The invaded Australians

Submitted by Matthew on 19 November, 2013 - 7:34

In June 2007, “remote Aboriginal communities in the Northern Territory were invaded and martial law imposed”. So Diane Fieldes put it in the Australian journal Socialist Alternative, and she wasn't wrong.

Six hundred troops were deployed. Aboriginals faced compulsory acquisition of townships; the “quarantining” of a proportion of their welfare benefits; new restrictions on alcohol; and the closure of government programmes which gave some of them part-time employment.

In its initial form, pushed through by John Howard's conservative government in the run-up to the 2007 federal election, this “intervention” included a clause exempting the government from Australia's own Racial Discrimination Act. That was (eventually, in 2010) changed by the Labor government which followed, but the basics of the “intervention” remain in force.

The measures were justified by panic claims about child abuse in Aboriginal communities. Since then, not a single specific prosecution for child abuse has resulted from the measures.

Again, Aboriginal Australians, overall, drink less alcohol than non-Aboriginals. Twice as big a proportion of Aboriginal Australians as of non-Aboriginals don't drink alcohol at all. More Aboriginals have their health dramatically damaged by binge-drinking. That is because of the social conditions they live in, and to be remedied by changing those conditions, not by troops and police.

The intervention is the centrepiece of John Pilger's new film, Utopia. Around it he adds coverage of other issues: the massacres of Aboriginals by early white settlers; the Stolen Generation of lighter-skinned Aboriginal children taken from their parents to be brought up in white families; the campaigns against Aboriginal deaths in police custody. (Indigenous people are a quarter of the prison population of Australia, though only 3% of the general population).

The film is given an odd tone by being narrated throughout by Pilger himself. Since he has, somehow, lost his Australian accent and got an oddly drawling, posh English one, and is now 74, the story comes across somewhat as an elderly gentleman travelling round Australia, and being naively shocked at conditions in Aboriginal communities and by racist attitudes or bureaucratic stonewalling from white Australians.

Pilger gives Arthur Murray, a one-time Aboriginal union organiser and then a campaigner on deaths in custody, a chance to speak on film, but most of the Aboriginals in the film come on screen as helpless paupers in remote communities or as members of the small minority of Aboriginals who have got jobs in the media or the art world or official structures.

Actually about 60% of Australia's Aboriginal and Torres Strait Islander population lives in big cities or in relatively densely populated parts of the country. Only about 20% live in remote areas.

The Northern Territory Aboriginal population targeted by the intervention was about 45,000 out of Australia's total of 670,000 Aboriginals and Torres Strait Islanders; and those 45,000 scattered over a large number of small and remote communities.

That is one reason why the protests against the intervention were relatively small, mostly just the activist left and a small number of Aboriginal activists.
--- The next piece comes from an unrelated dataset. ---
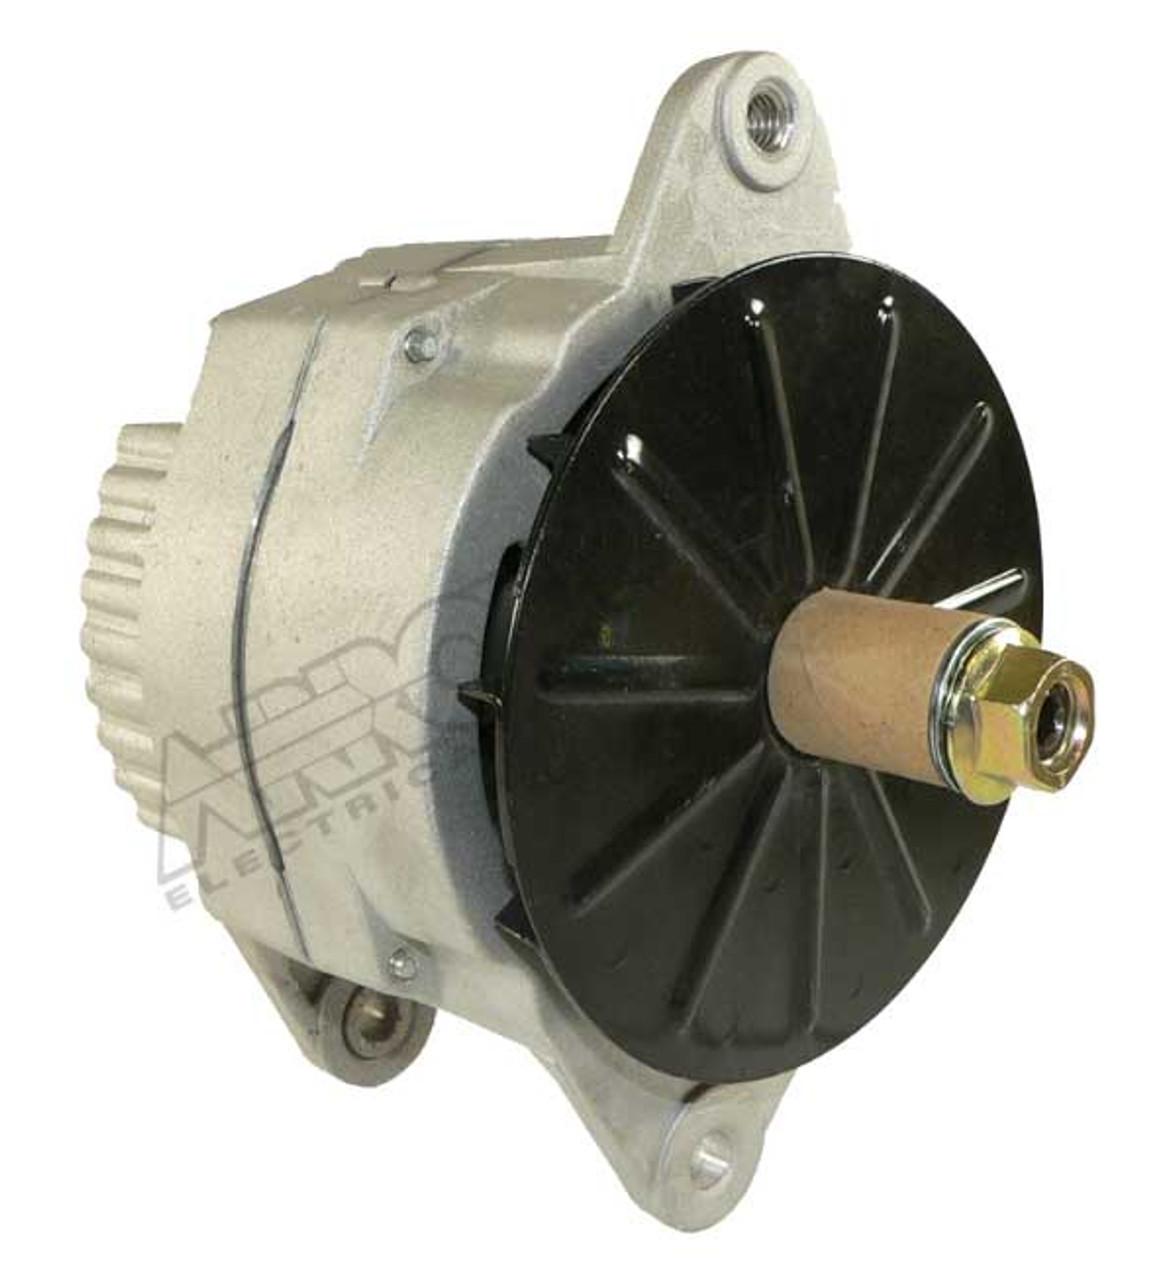 Alternator for 27SI Type 200 Series IR/EF, 24-Volt, 65 Amp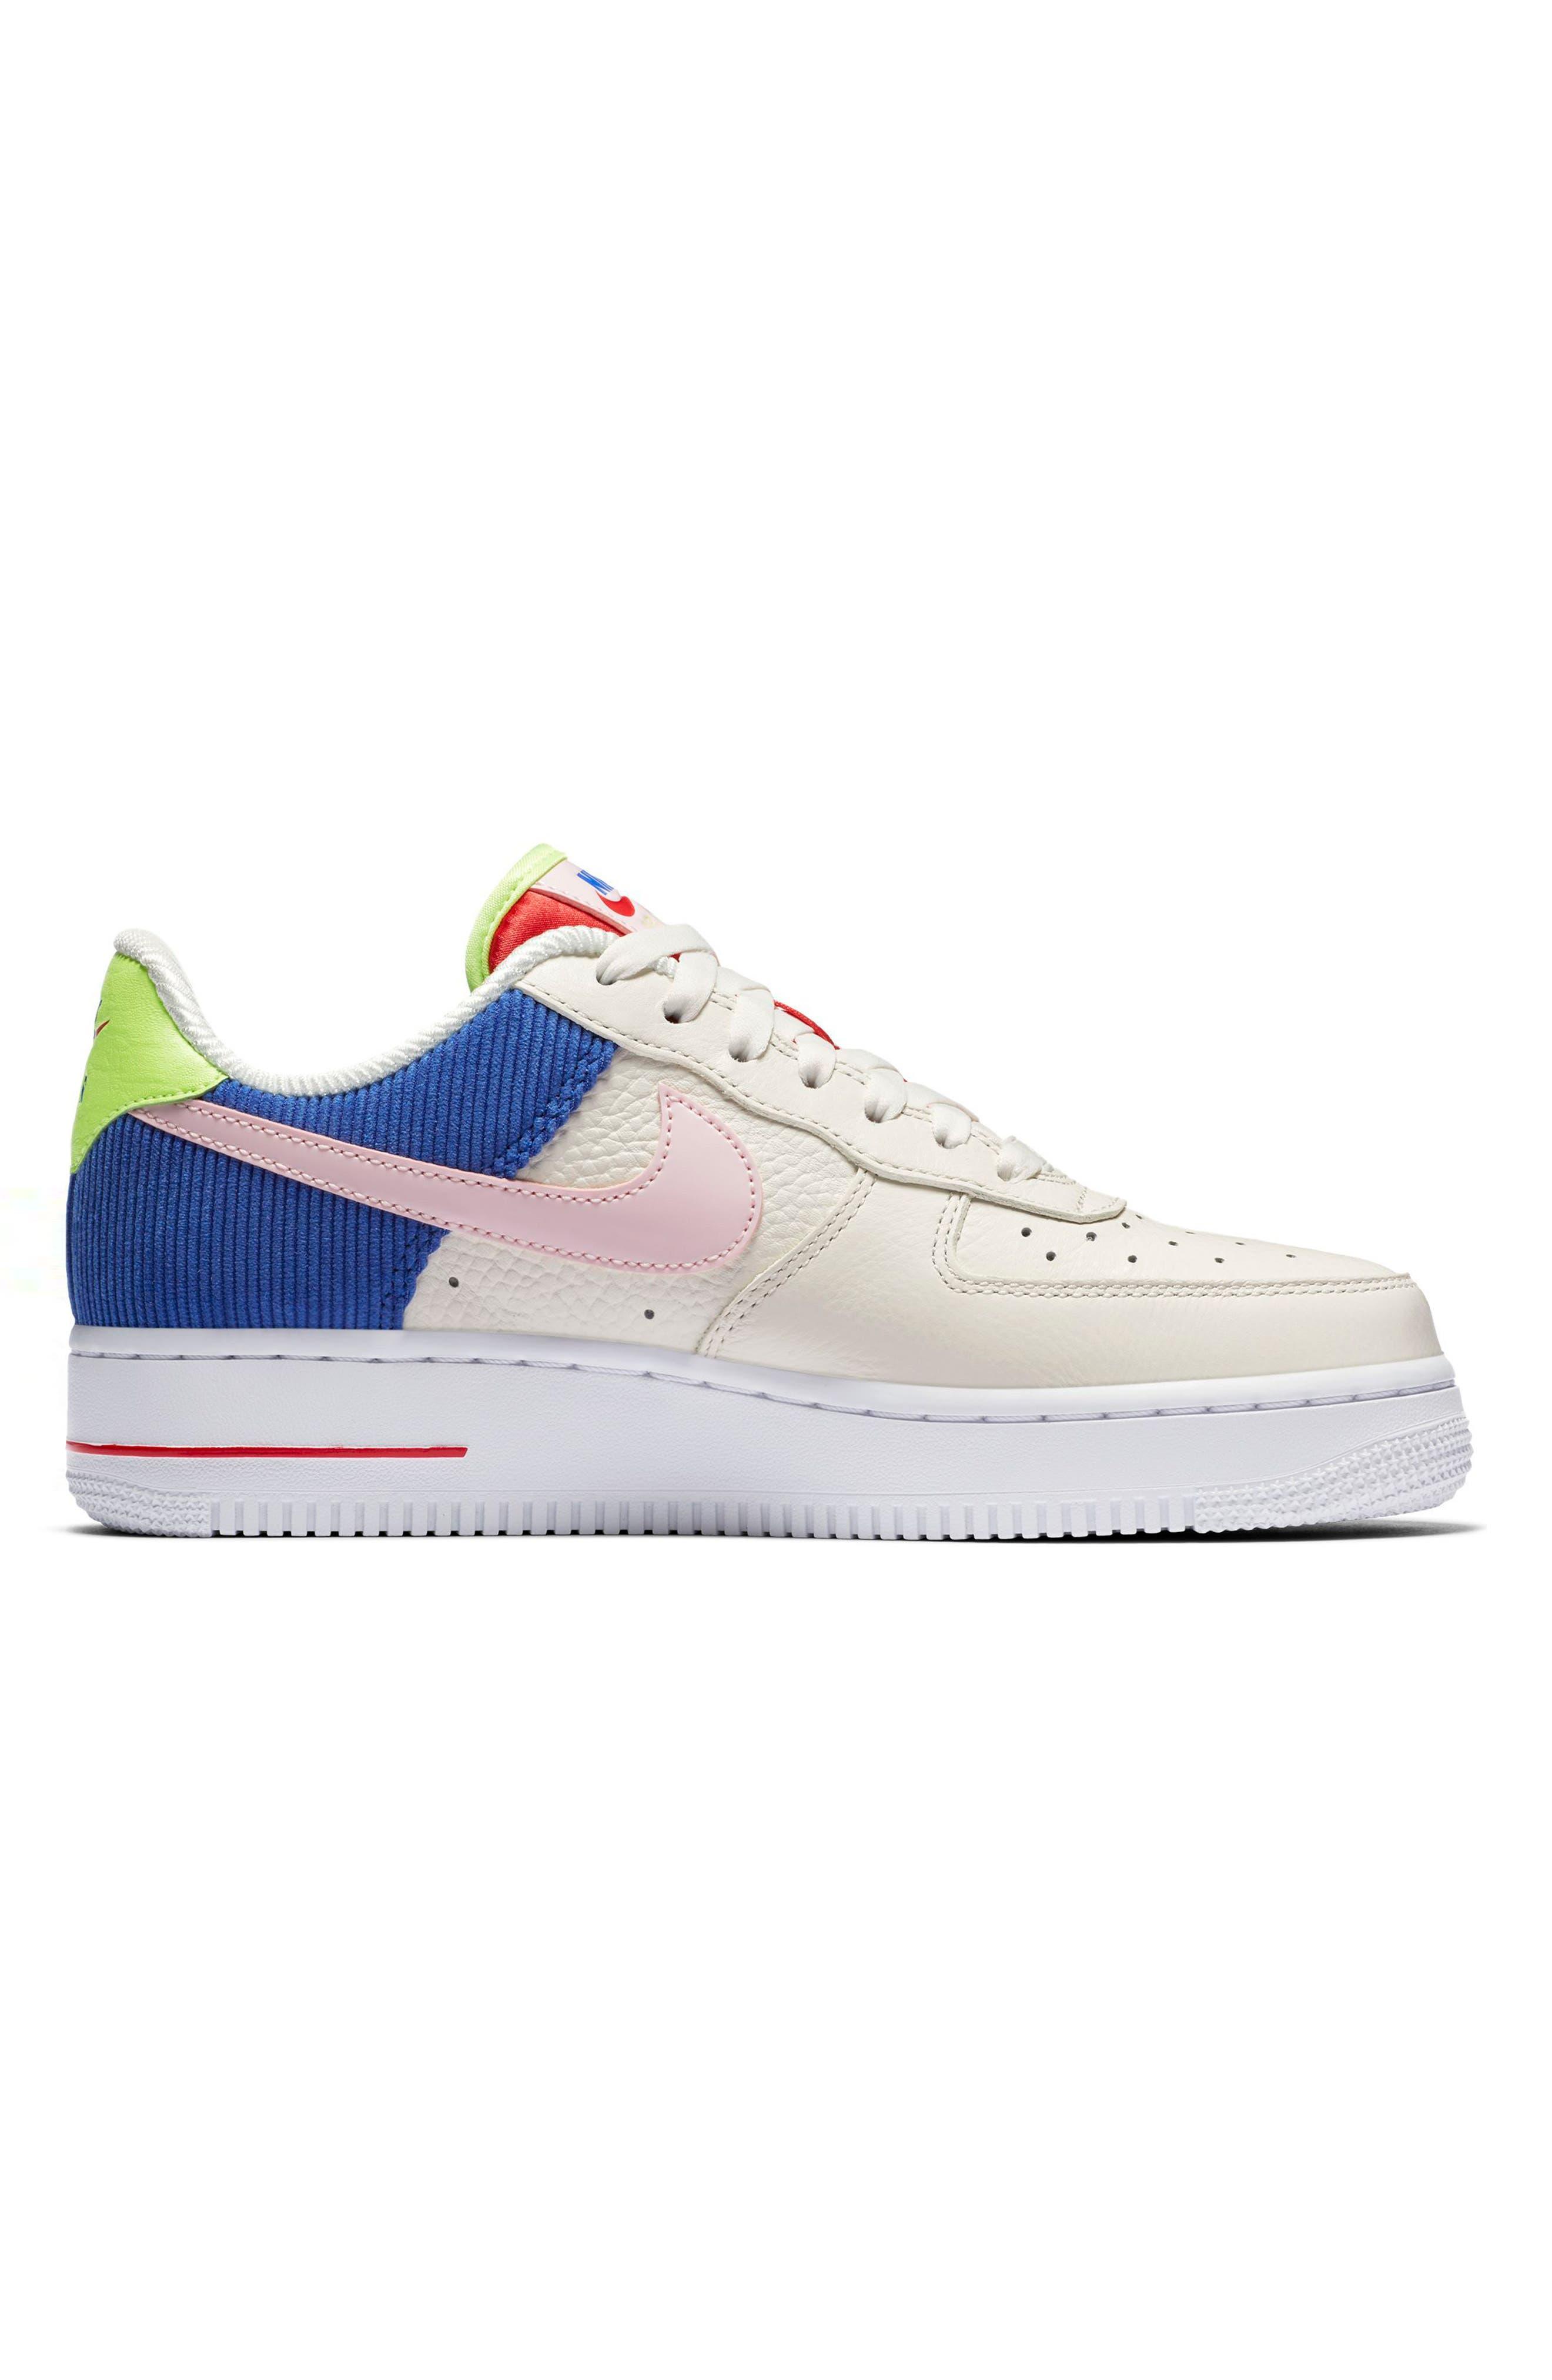 Air Force 1 Low Top Sneaker,                             Alternate thumbnail 3, color,                             Sail/ Arctic Pink-Racer Blue

Another reason was that many of the highest-profile Aboriginal political figures — Noel Pearson, Marcia Langton, Bess Price, Warren Mundine — supported the intervention. So far as I can understand it, they could see no other answer to the social problems of remote Aboriginal communities which have been completely cut off from their traditional modes of life, and forcibly semi-integrated into Australian settler society, but as paupers.

Yet Vince Forrester, a central Australian Aboriginal leader who features in the film, came to Sydney in 2008 for a protest against the intervention, and, despite everything, said: “I feel a change in Australian society. The general population wants to change the situation that Indigenous people are in”.

Many young white Australians are consciously anti-racist. Lacking is a labour movement assertive and strong enough not just to mouth good sentiments but to rally those young Australians and help Aboriginals come forward as leaders and organisers.